▸ **Provided material**
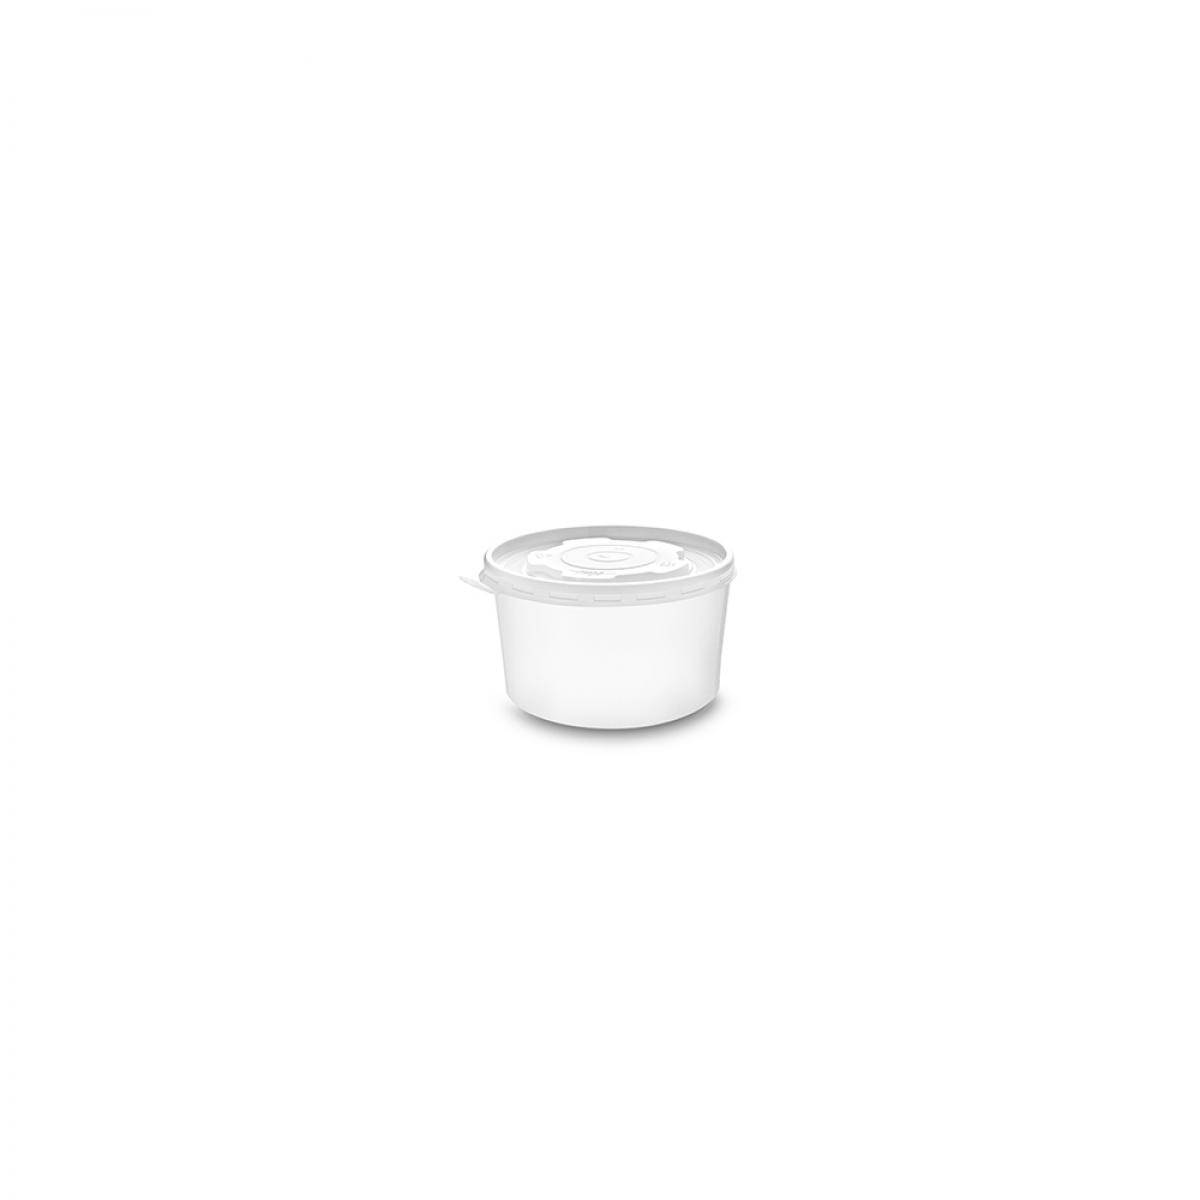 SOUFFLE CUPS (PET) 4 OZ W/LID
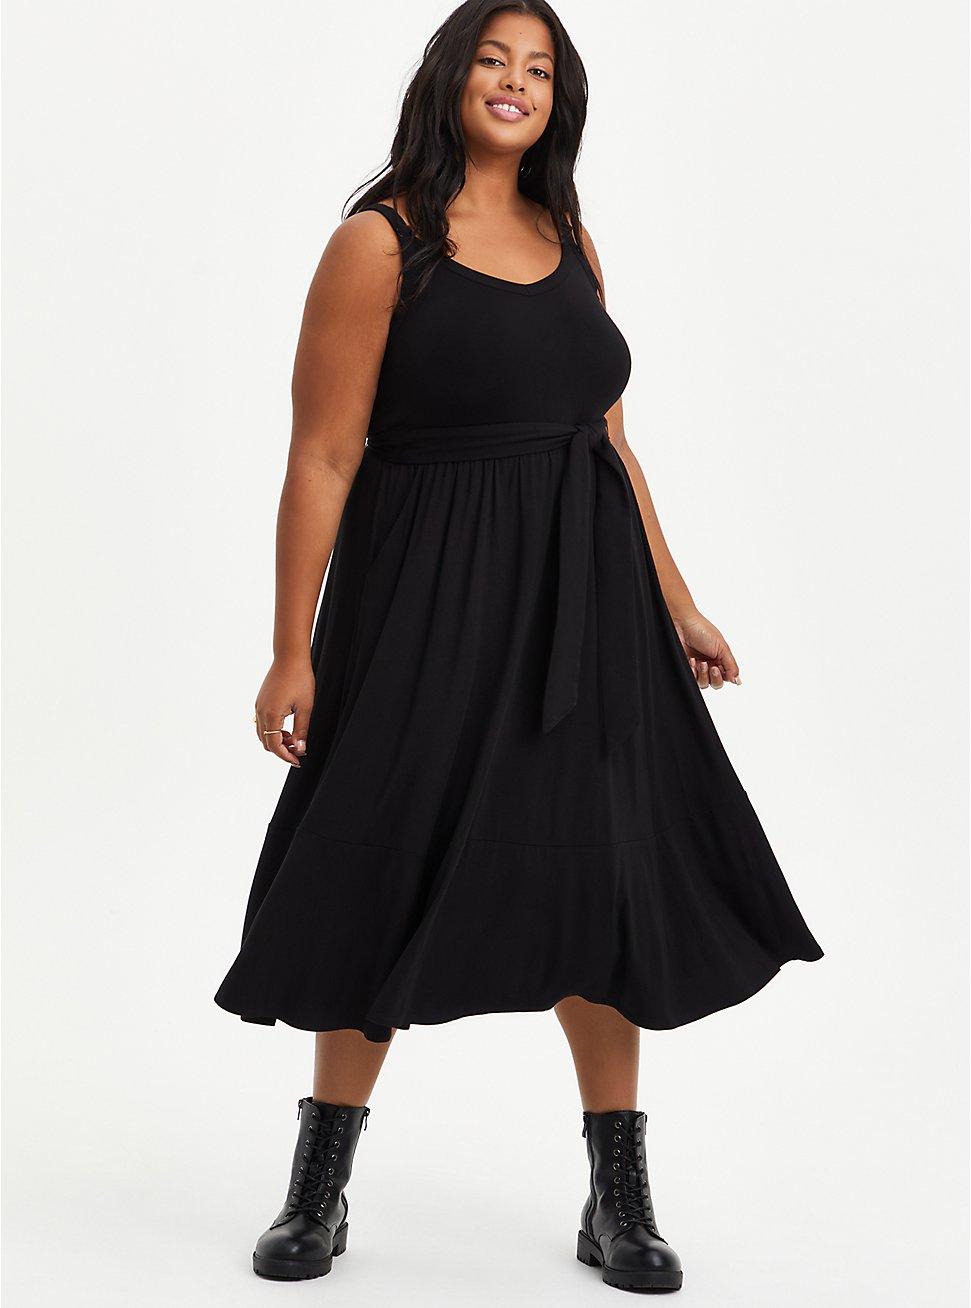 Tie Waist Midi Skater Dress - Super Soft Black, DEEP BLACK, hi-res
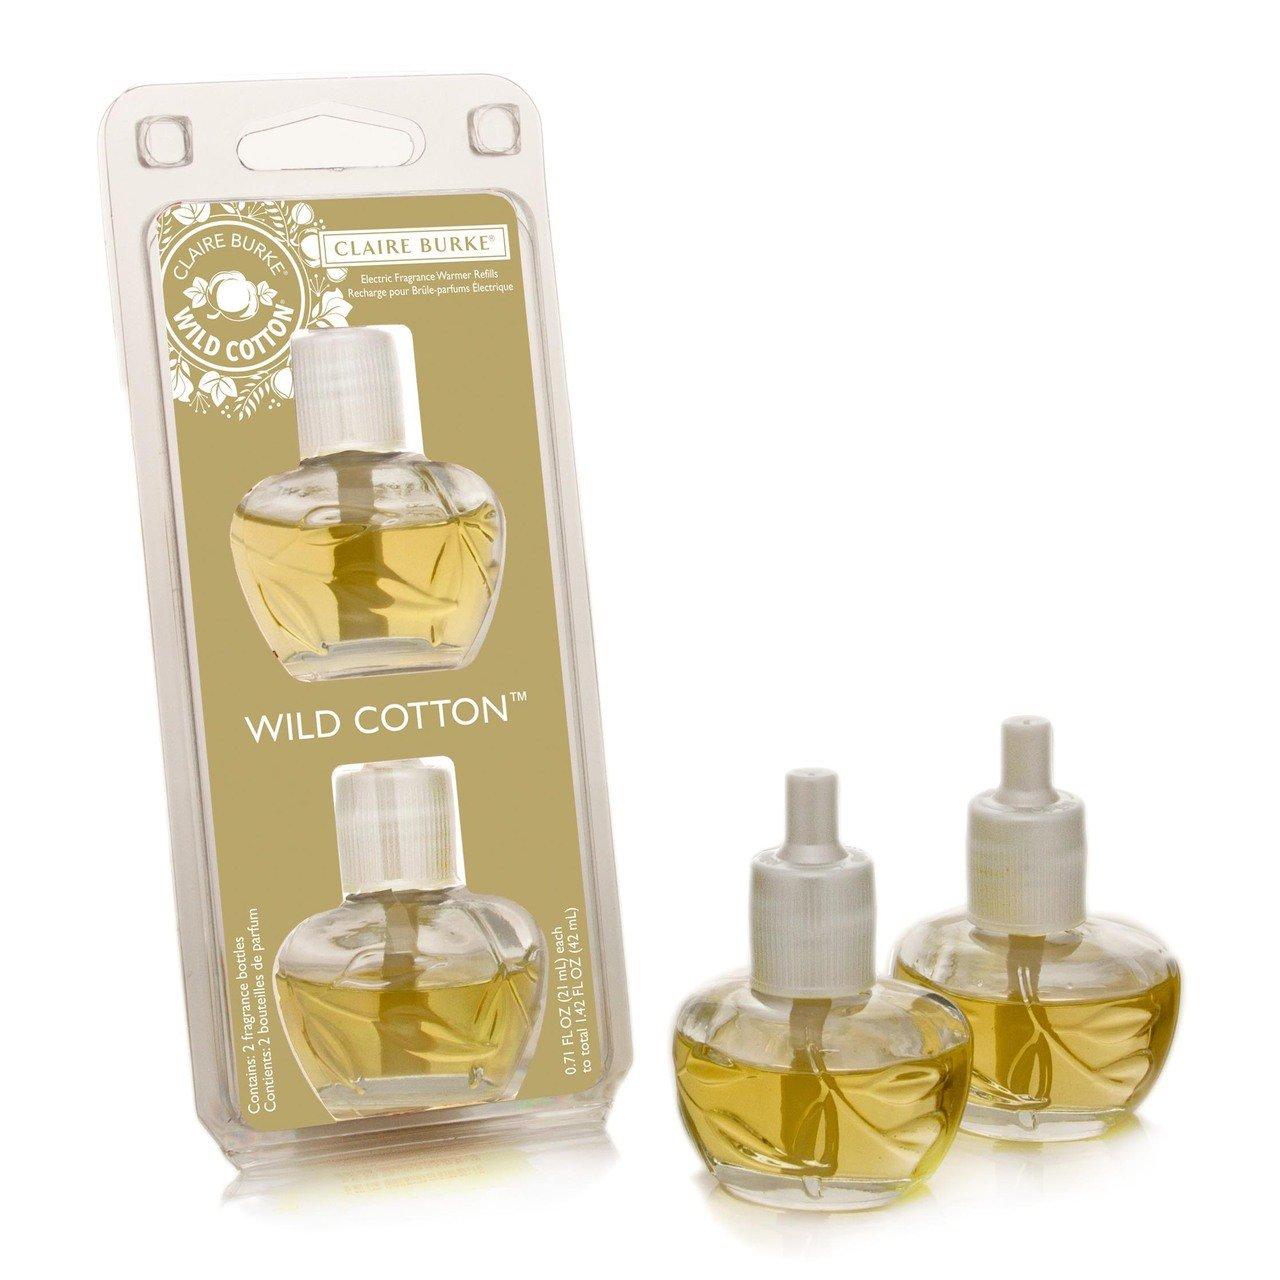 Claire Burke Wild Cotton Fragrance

▸ **To do**
Everything in the preceding material must be transcribed exactly, except the images.

▸ **Final answer**
 SOUFFLE CUPS (PET) 4 OZ W/LID
 Tie Waist Midi Skater Dress - Super Soft Black, DEEP BLACK, hi-res
 Claire Burke Wild Cotton Fragrance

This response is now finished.